Member of the European Parliament for London

EU-Vietnam Cooperation Agreement

Delivered in Plenary - 21st October 2008

Mr President

I have to say and rather sadly that I remain sceptical as to whether the human rights clause within the EU-Vietnam cooperation agreement is really worth the paper it is written on.

The noble intentions contained within it are a reflection, understandably, of our common European values, but I believe it is little more than window-dressing and an understandable concession to the powerful human rights lobby within the Union. After all, China is now the EUs second-largest trading partner, yet the Communist dictatorship in Beijing pays no attention to our concern about human rights. Indeed, I sometimes wonder whether it is even worth raising the issue any more.

The political repression and human rights violations in China tend to distract us from what is going on in neighbouring Vietnam, where things are every bit as brutal. Pro-democracy dissidents and religious minorities are imprisoned, journalists are intimidated into silence, and the liberties we take for granted here in Europe, such as an uncensored internet, simply do not exist.

That is why I proposed last year, with Mr Cappato and others, that Thich Quang Do should be considered for the Nobel Peace Prize. This brave Buddhist monk has suffered years of harassment and jail in his quest for religious freedom and human rights.
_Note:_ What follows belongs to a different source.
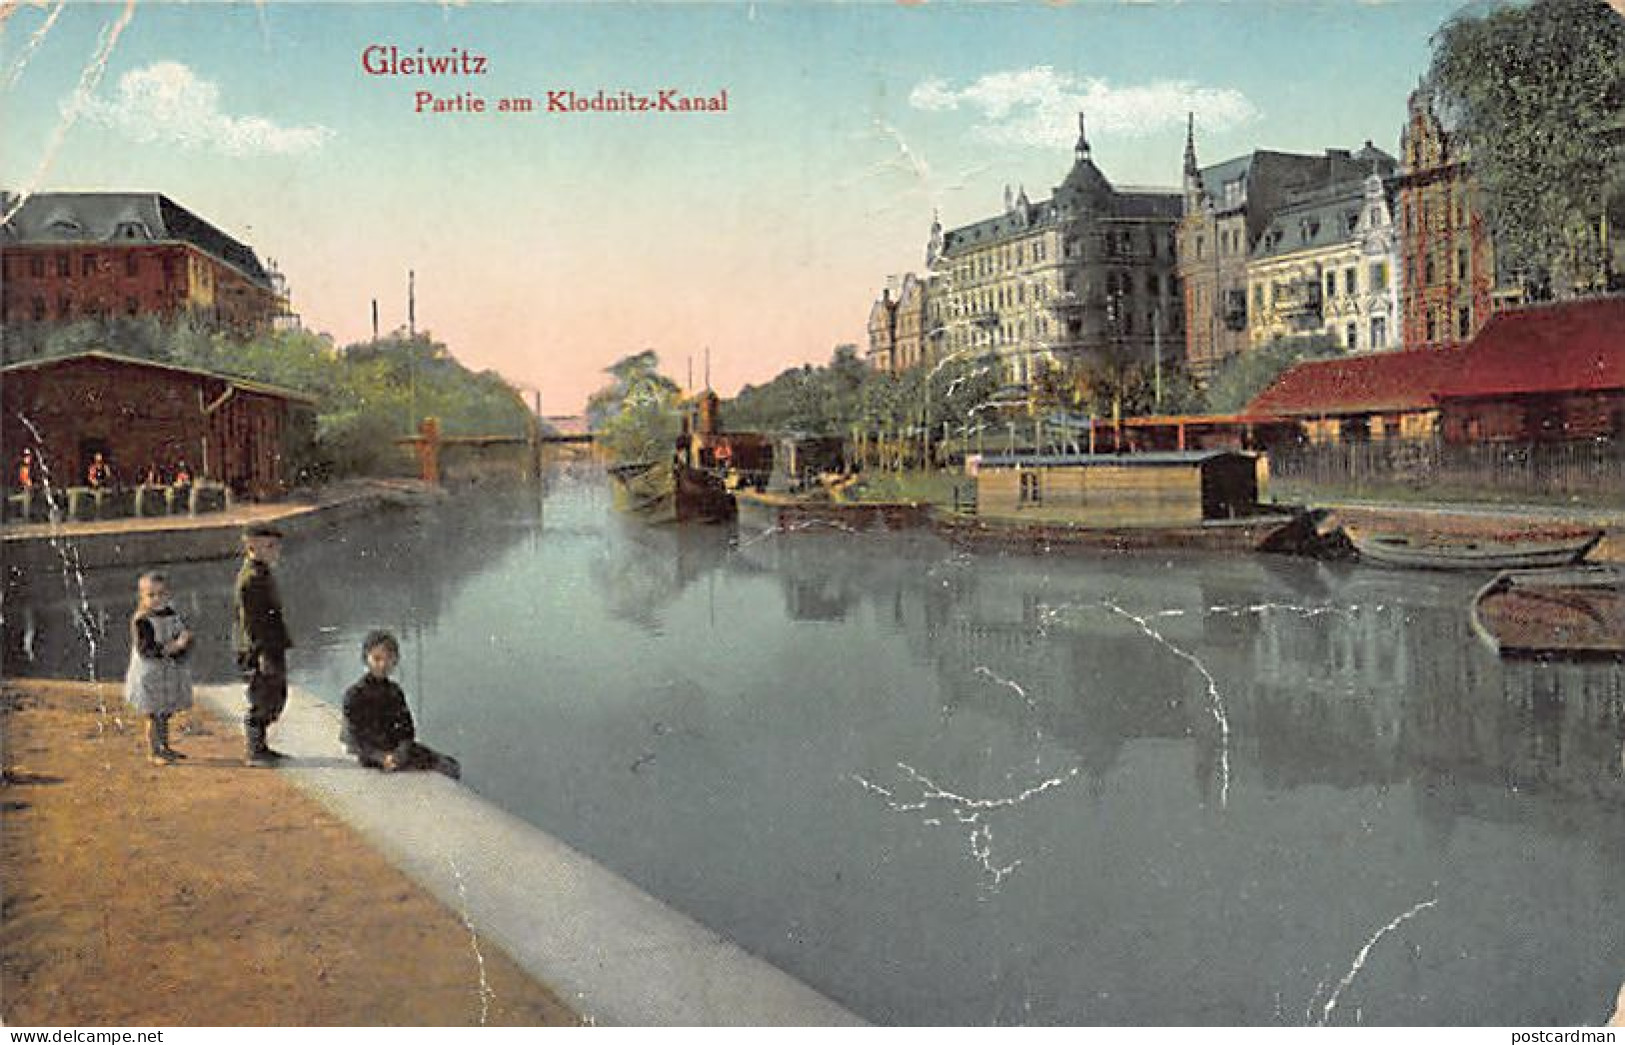 Poland - GLIWICE Gleiwitz - Partie Am Klodnitz-Kanal - SEE SCANS FOR CONDITION - Publ. Unknown  - Pologne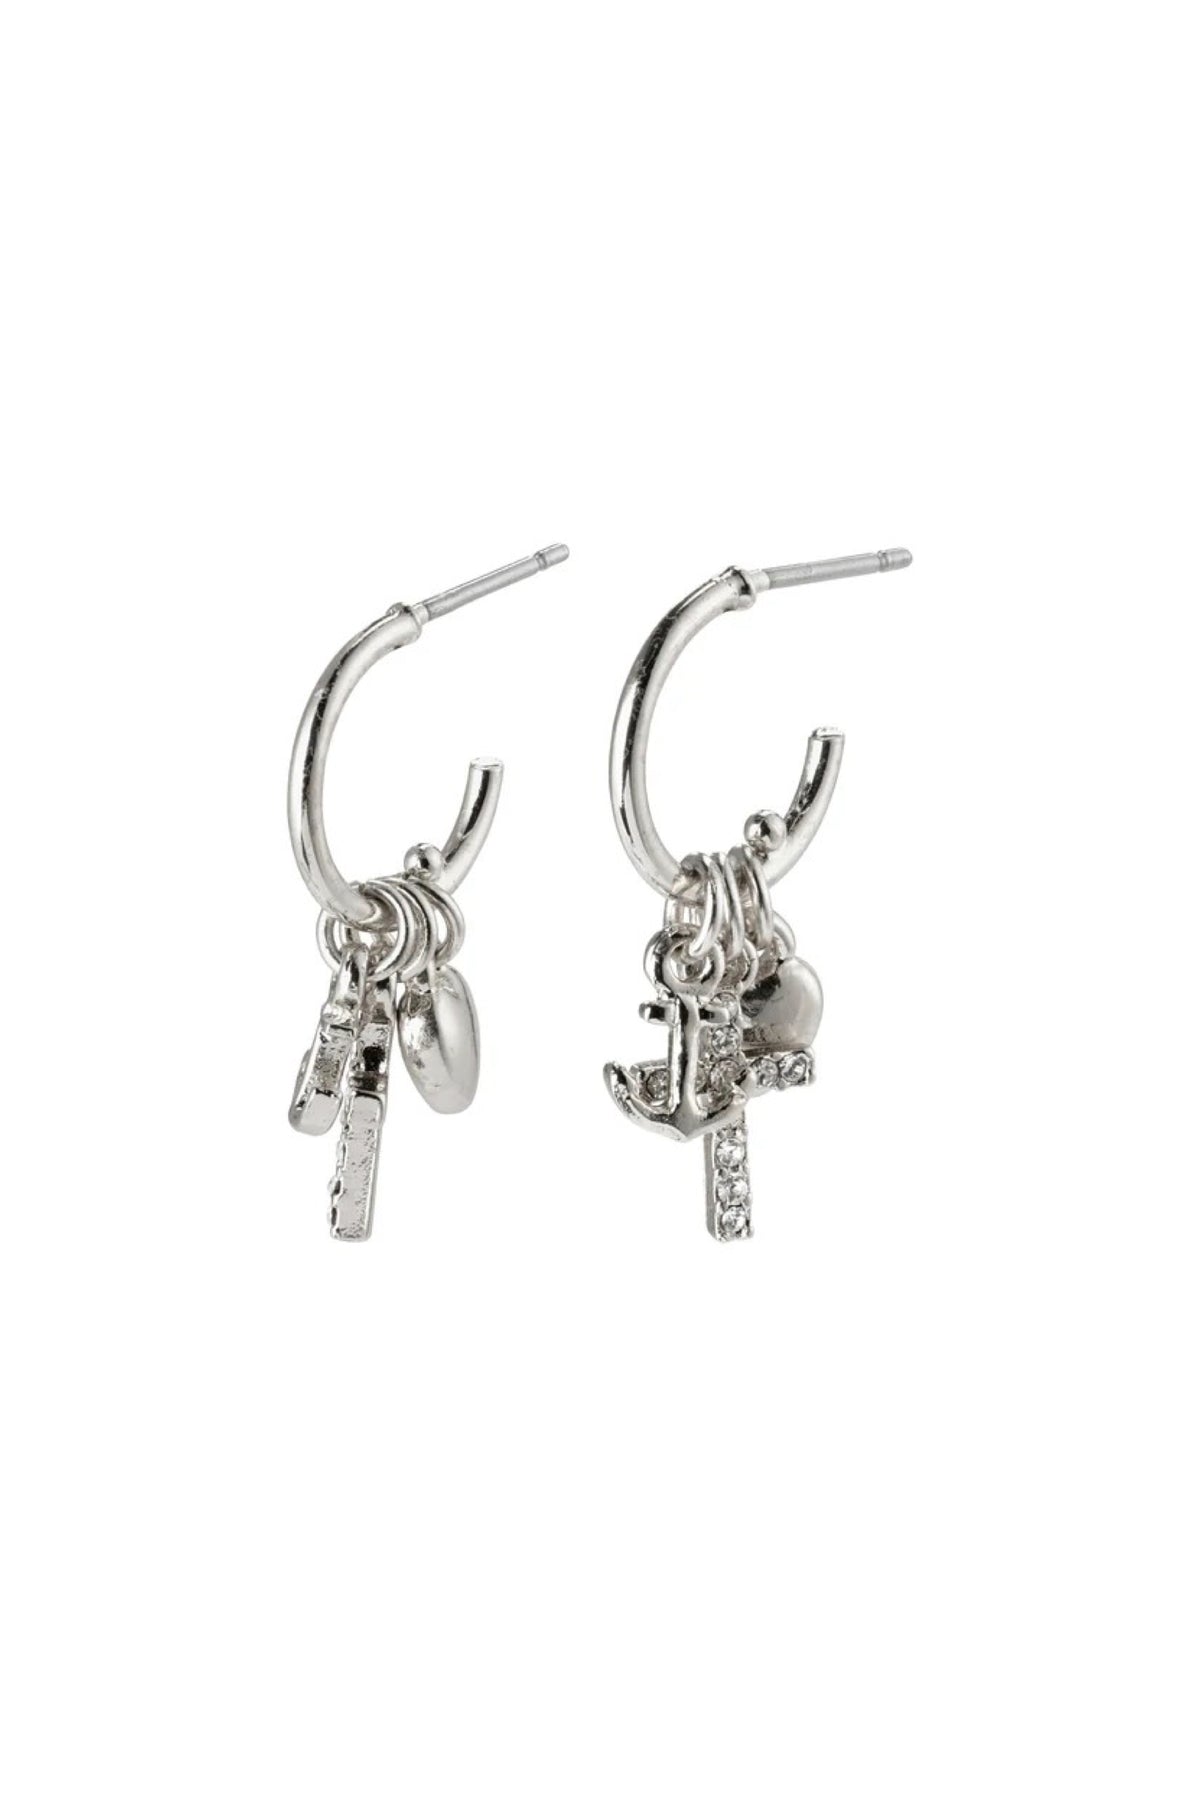 Anet Earrings - Silver Plated

Vietnam encapsulates the dilemma facing the European Union. How much should human rights matter in our commercial relationships with third countries when they are formally written into trade agreements and partnership agreements? And can stronger economic ties alone be a positive force for political and human rights and democracy reforms?

These are tough questions which the new Commissioner from Britain for trade, Baroness Ashton, will have to grapple with. I believe our common values to be non-negotiable. Therefore, I urge the Commission and Council either to be honest and scrap this pretence by abolishing these human rights and democracy clauses, or genuinely and sincerely to hold third countries to account for their wanton abuse of values that we all hold sacrosanct. I pay a very special tribute to Mr Cappato and all the fine work he has done in this respect.